Pelican1 sez “You can’t simply tailor CEQA to fit your needs.”

I say, why not? The environmental zealots have! The NIMBIES sure have. And even the Unions have to blackmail projects into pay prevailing (i.e., union) wages.

CEQA needs to be reformed at all levels – at the local implementation level, at the state regulatory level and at the state legislative level.

CEQA has become a noose around California’s neck!


CEQA is subject to public, inter agency, and judicial review. The ONLY reform must be with the Act. CHANGE THE LAW and end the misunderstanding and misinterpretation of this important environmental process.


TKG, how many CEQA documents have you prepared in your lifetime?


Just as I thought.


“Today even the tiniest of impacts are being deemed “significant” when they are not. That needs to change.”

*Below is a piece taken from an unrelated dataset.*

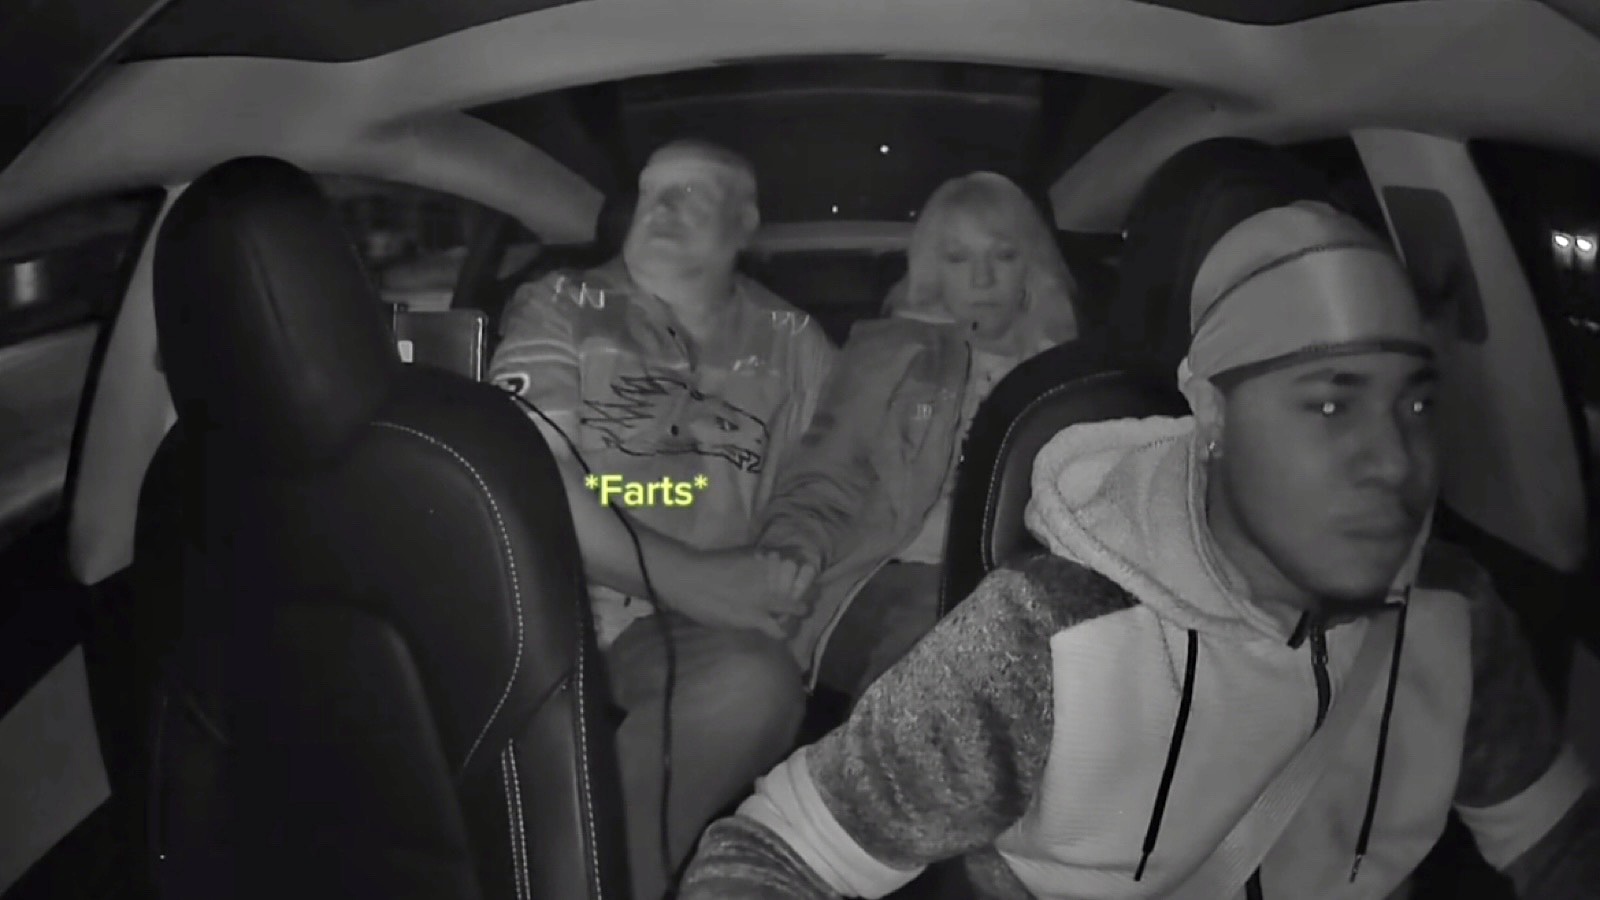 Uber driver’s hilarious farting prank earns him $100 tip

This is exactly why gentrification has been so significant throughout our county. The average median price of a home in San Luis Obispo is now $511,000, that is 195% above the national average.


You cannot arbitrarily determine the significance of an impact….CEQA doesn’t work that way.


Very well written article clarifying what the truth is regarding the application of CEQA not only in the unincorporated part of the county but thru out the entire county. Unfortunately CEQA has often been used by those who do not want any type of development to occur. I think that because these groups do have financial assistance to fight against development that staff weakens and ultimately gives in not wanting to be involved in litigation. I think that you may also have to look at staff that at times they too develop the NIMBY attitude.

It is very refreshing to see Compton and Peschong finally stand up to do the right thing. Hopefully this will bring about good developments that don’t cost Developers hundreds of thousand dollars just to get an answer whether or not their projects are acceptable. I know over the years we have heard some say just charge the developers because they are making too much money. Well for those of you that think this you are wrong and all of those fees and costs are just added onto the cost of the development and if it’s a residential project you can just look in the mirror and thank government for not helping out to provide affordable housing. This is why the estimated current costs to pay in order to get a building permit (all fees) is up around $80,000.